Earlier industrial revolutions created economic growth by directly employing massive numbers of workers. However, modern digital infrastructure creates value differently. Data centres resemble ports, highways, or electricity grids far more than factories. Their importance lies not in how many people they hire directly, but in the ecosystems they enable around them.

That is why governments continue chasing them despite weak employment numbers. They are betting that whoever hosts the infrastructure today may eventually attract the AI startups, cloud ecosystems, software platforms, and strategic relevance of tomorrow.

But this strategy only works if countries move higher up the value chain.

India cannot become merely the world’s backend warehouse for global cloud giants. The real value lies higher up the stack: semiconductor design, AI models, advanced chips, and overall, better innovation through investments in R&D.

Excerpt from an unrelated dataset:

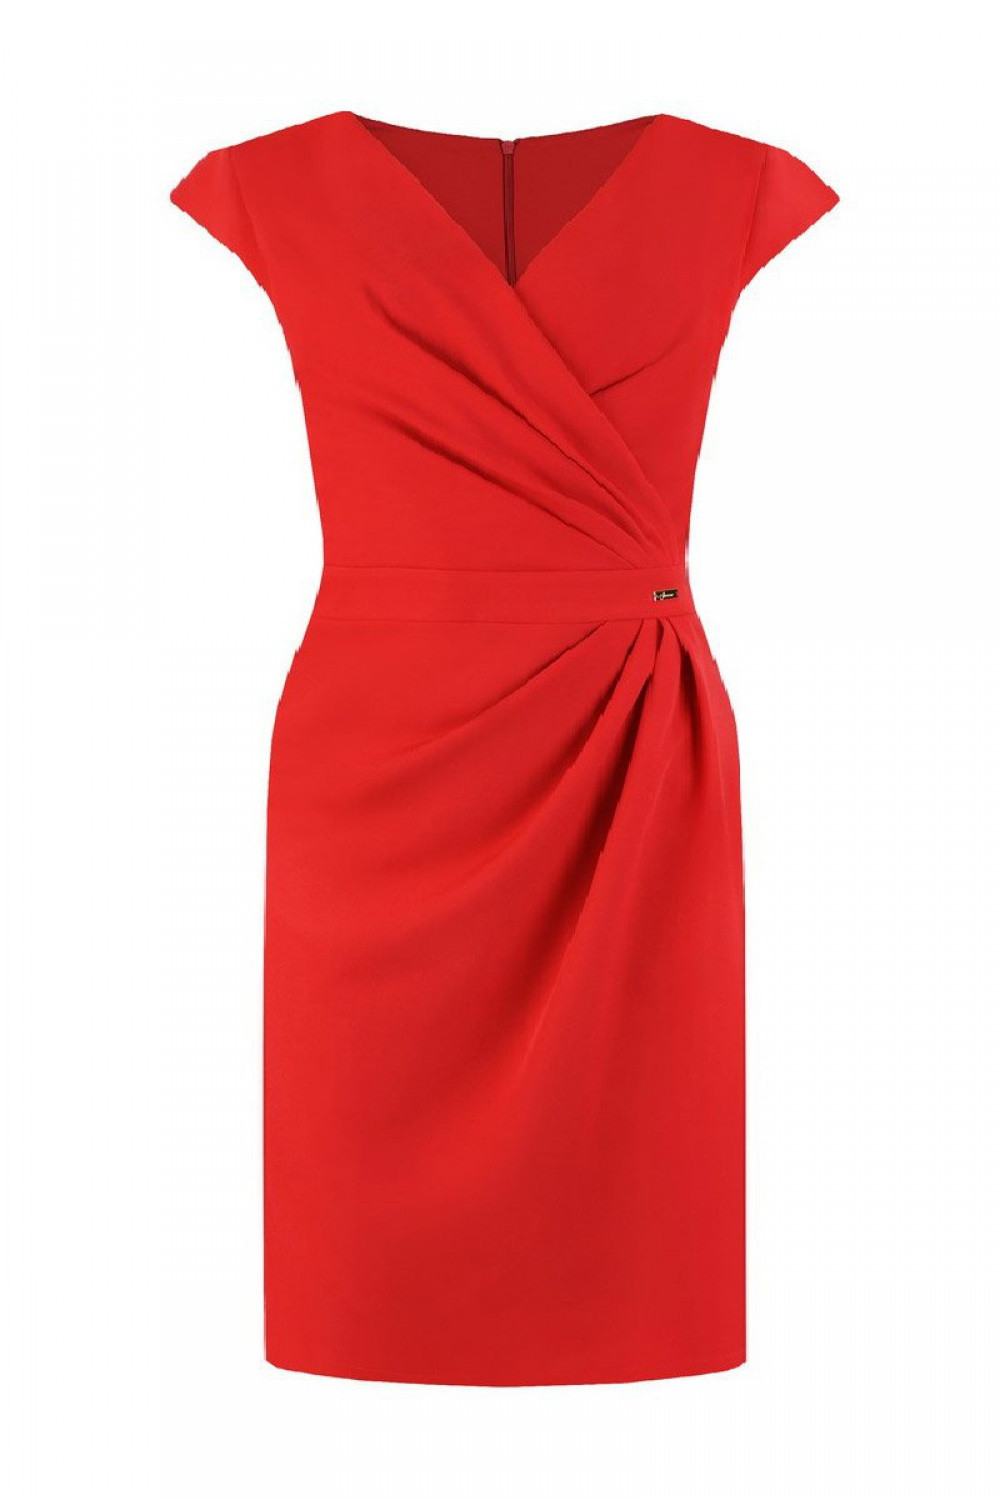 Dámské šaty model 15610172 červená 46 - Jersa

And perhaps the broader lesson goes beyond data centres altogether.

Governments often rush to subsidise the visible symptom rather than solve the underlying problem. The symptom today is the exploding demand for computing capacity. But the underlying issues are inefficient energy systems, increasingly compute-hungry AI models, centralised internet architecture, and the growing mismatch between digital demand and physical infrastructure.

Building more data centres may temporarily relieve the pressure, much like widening roads only temporarily reduces traffic congestion. But unless we also invest in cleaner grids, energy-efficient chips, and better infrastructure, demand for compute will continue rising faster than supply.

So, the future may not belong to the countries that solely build the most data centres. It will belong to those who fundamentally invest in research & development.